Pakistan coping with increase in critical Covid patients, next few weeks crucial: Asad Umar

Published April 30, 2021
Federal minister Asad Umar said on Friday that Pakistan had so far managed to cope with the increase in oxygen requirements for Covid-19 patients in critical condition. — AFP/File
Federal minister Asad Umar said on Friday that Pakistan had so far managed to cope with the increase in oxygen requirements for Covid-19 patients in critical condition. — AFP/File

Federal Minister for Planning, Development and Special Initiatives Asad Umar said on Friday that Pakistan has so far managed to cope with the increase in critical care Covid-19 patients by proactively building the capacity of the entire system.

In a series of tweets, the federal minister said that the total number of critical care patients who were being provided oxygen had reached 5,360 on Thursday.
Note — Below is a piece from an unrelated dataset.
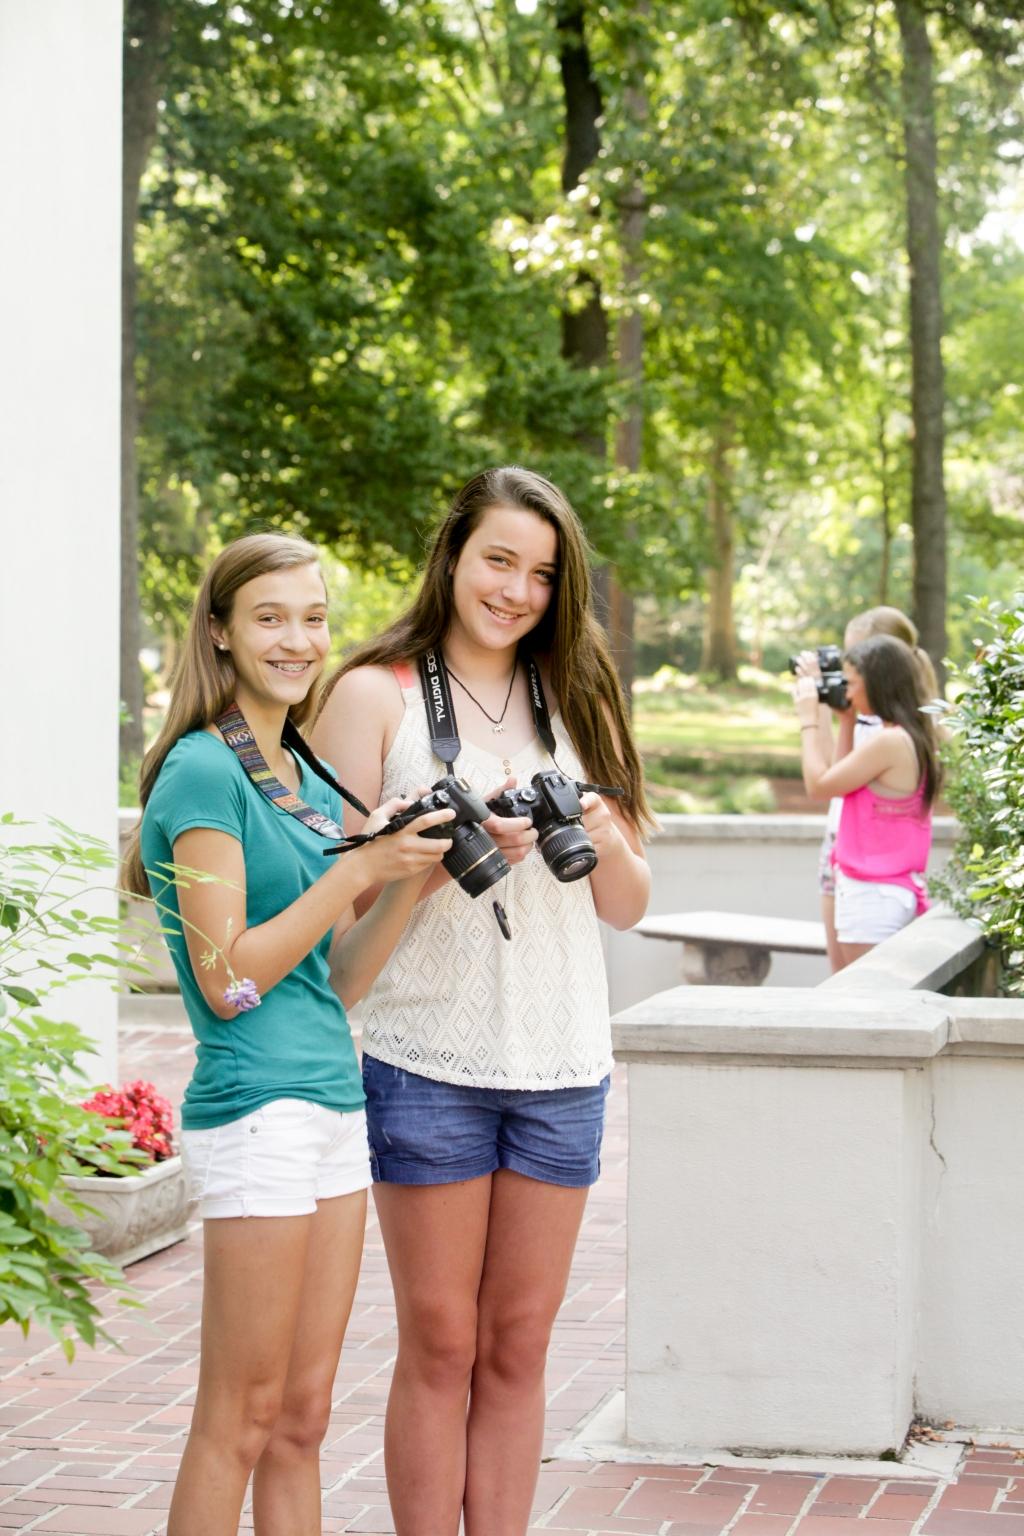 Teen Darkroom Photography Intensive Week 1 (Ages 13-16)

"This is a 57 per cent more than the peak in June 2020," he said, adding that so far this increase had been handled due to "proactively building capacity of the entire system from oxygen production to beds".

"Total oxygen production operational capacity in Pakistan last year was 487 tonnes per day. It has been increased to 798 tonnes," said Umar, adding that actual production had increased from 465 tonnes last June to 725 tonnes currently.

"We also imported 19,200 oxygen cylinders last year to ensure distribution."

He stated that because of the steps taken by the federal and provincial governments the tight oxygen supply situation seen last June was not being witnessed again, despite an increase of more than 2,000 critical patients requiring oxygen compared to the previous peak in June.

"Continuing to build [oxygen] capacity, in yesterday's National Command and Operation Centre (NCOC) [session] it was decided to import 6,000 tonnes of oxygen, 5,000 cylinders and 20 cryogenic tanks."

The federal minister stated that this "proactive decision-making" had helped Pakistan avoid the kind of situation being witnessed in other countries.

"[The] bedrock of this proactive decision-making has been a data-based forward-looking analytical approach, [a] nationally coordinated effort with a whole of the nation approach and [the] hard work of dedicated teams who have continued to steer the effort through this difficult challenge."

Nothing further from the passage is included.